La trilogía de Patricio Guzmán que reconstruye, desde la cámara, el camino al golpe de Pinochet
Dividida en tres partes, la obra «La batalla de Chile» recorre las tensiones políticas y sociales del gobierno de Salvador Allende, articulando el debate parlamentario con las asambleas obreras y con la tradición del Tercer Cine latinoamericano.

El documentalista chileno Patricio Guzmán concibió «La batalla de Chile» como un retrato en tres movimientos de un período que cambió la historia de su país. La película sigue las tensiones que atravesaron el gobierno de Salvador Allende y el proceso que culminó con el golpe de Estado que instaló a Augusto Pinochet en el poder. A lo largo de sus entregas, el filme alterna los registros institucionales con los espacios de organización de los trabajadores, y compone un mosaico del conflicto antes, durante y después de la ruptura institucional.
Una estructura en tres partes
El primer dato para acercarse a la obra es su organización. Se trata de un documental dividido en tres filmes independientes, concebidos como capítulos de un mismo proyecto. Sus títulos son «La insurrección de la burguesía», «El golpe de estado» y «El poder popular». Cada uno enfoca una etapa del conflicto: el avance de los sectores opositores al gobierno de Allende, la concreción de la intervención militar y las respuestas que se articularon desde abajo en ese contexto de ruptura.

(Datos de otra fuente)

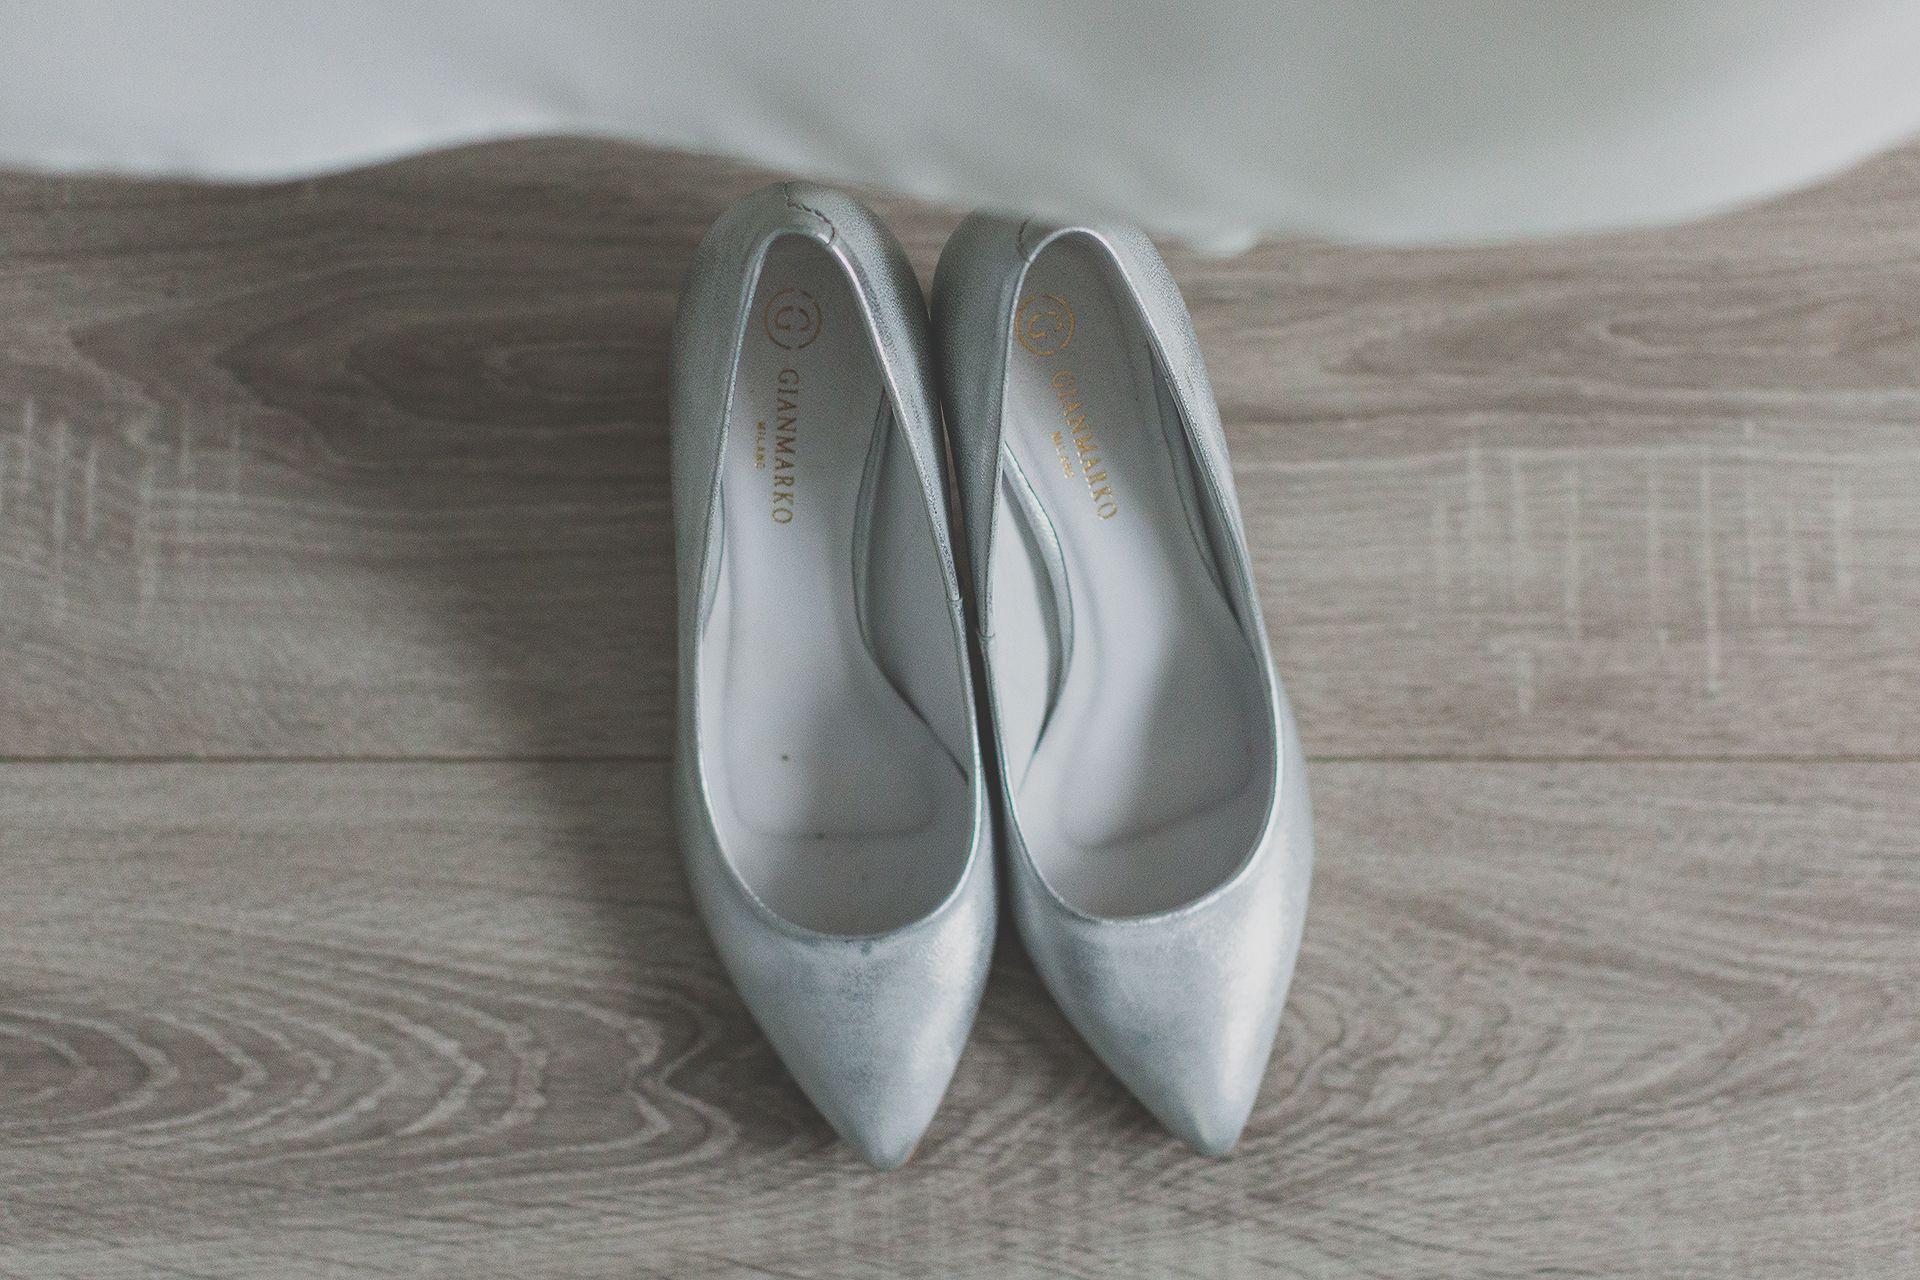 Buty ślubne pani młodej
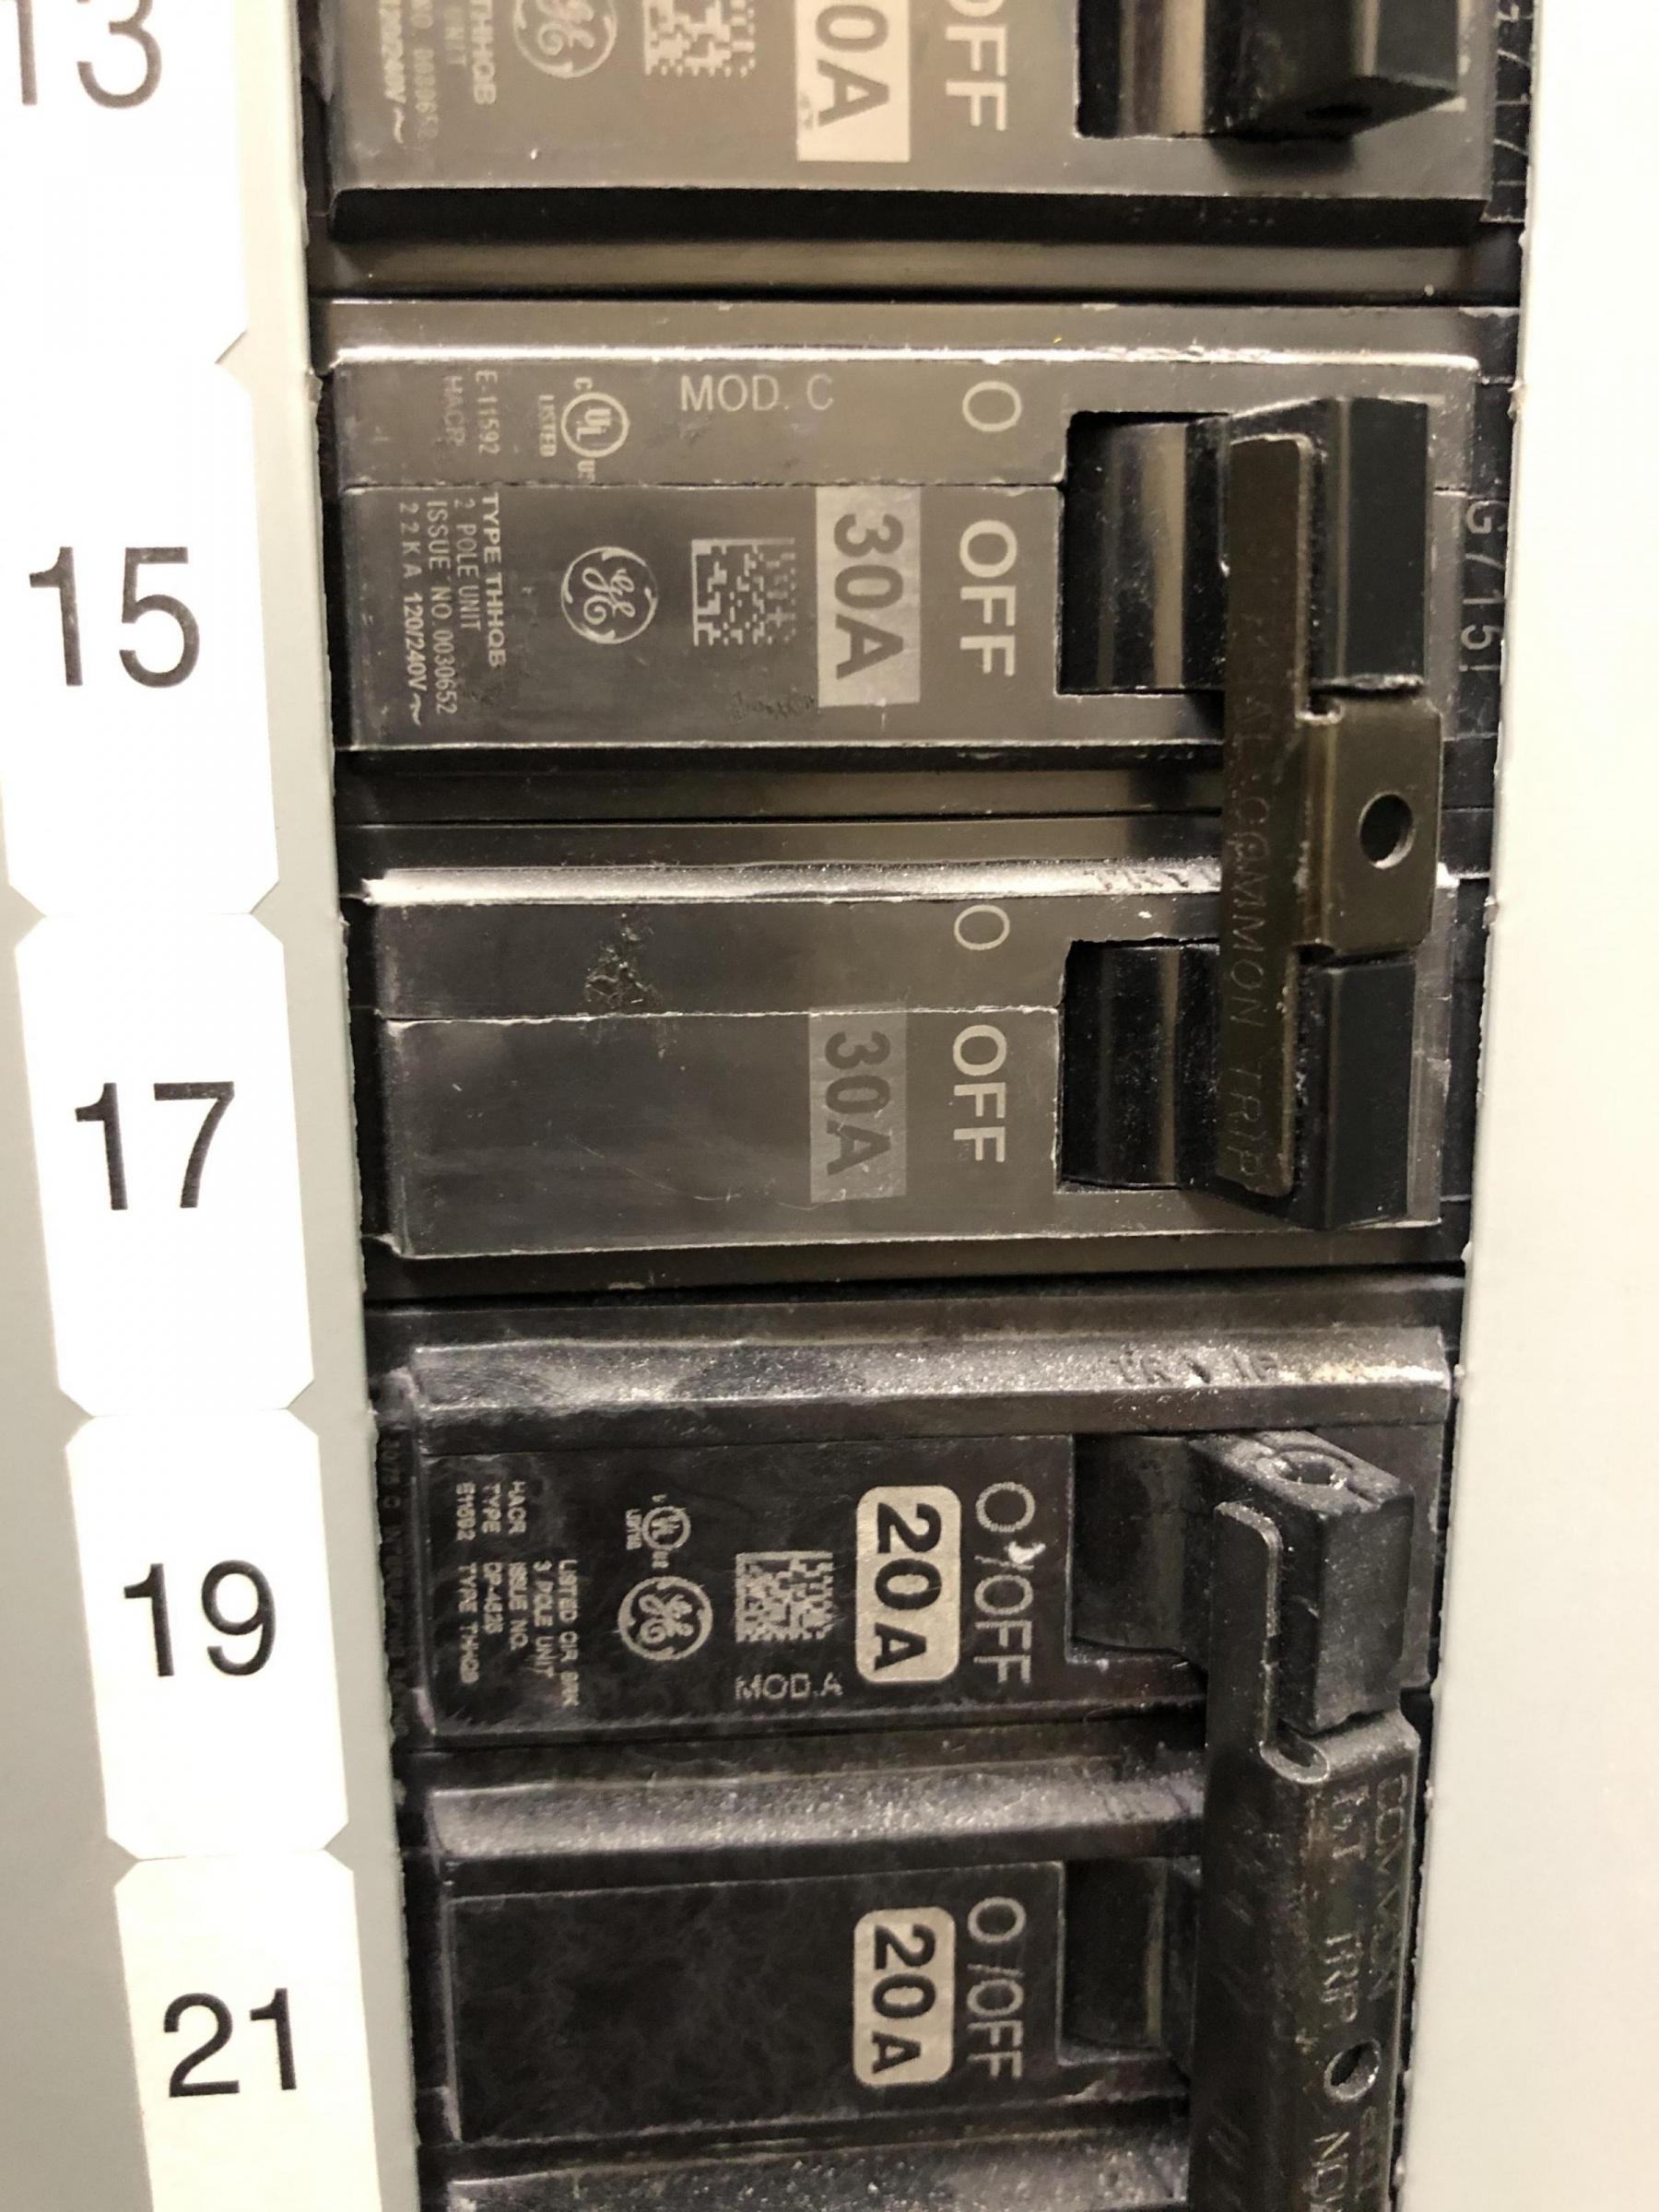 What breaker can be used to replace these?-b212c08e-b4ce-45fc-bf03-da5ae8cbf515_1571314795396.jpg

- La insurrección de la burguesía: las tensiones que rodearon al gobierno de Allende y la reacción de los sectores de derecha.
- El golpe de estado: el registro del momento en que las Fuerzas Armadas interrumpieron el orden institucional.
- El poder popular: las discusiones y formas de organización que surgieron entre los trabajadores frente a la crisis.
La cámara acompaña los acontecimientos mientras suceden, lo que confiere al material un carácter de observación directa. Además de los enfrentamientos en torno al gobierno, el documental recoge debates acerca de cómo responder a la situación: cómo se organiza la producción, qué papel juegan las direcciones gremiales y cuáles son los márgenes de acción frente al avance de las posiciones más radicalizadas. Las diferencias internas dentro de la izquierda también forman parte del cuadro, junto con la intervención militar que puso fin al gobierno de Allende.
Ese despliegue permite seguir el conflicto en distintas escalas. Las decisiones y disputas parlamentarias comparten espacio con reuniones obreras en las que se discuten posibles cursos de acción. De este modo, la película incorpora tanto los ámbitos de representación política como las instancias de organización de los trabajadores, y evita reducir el período a una sola mirada.
Un documental hijo del Tercer Cine
La propuesta se inscribe, además, en la corriente conocida como Tercer Cine, surgida en regiones como Latinoamérica, que buscó distanciarse de los intereses comerciales de Hollywood y pensó al cine como herramienta política. En ese marco, el documental aparece como un vehículo para registrar procesos históricos y desarrollar un cine de compromiso explícito. En «La batalla de Chile», esa relación entre cine e historia toma forma a partir de la observación y el montaje del material registrado: la obra reúne distintas perspectivas del conflicto y escenas de violencia, con un tratamiento que combina recursos cinematográficos, periodísticos y explicativos. La pregunta que el material deja abierta —qué buscan los espectadores cuando se acercan a un documental sobre un proceso histórico— sintetiza, en buena medida, la apuesta de Guzmán: ofrecer un archivo vivo antes que una versión cerrada del pasado.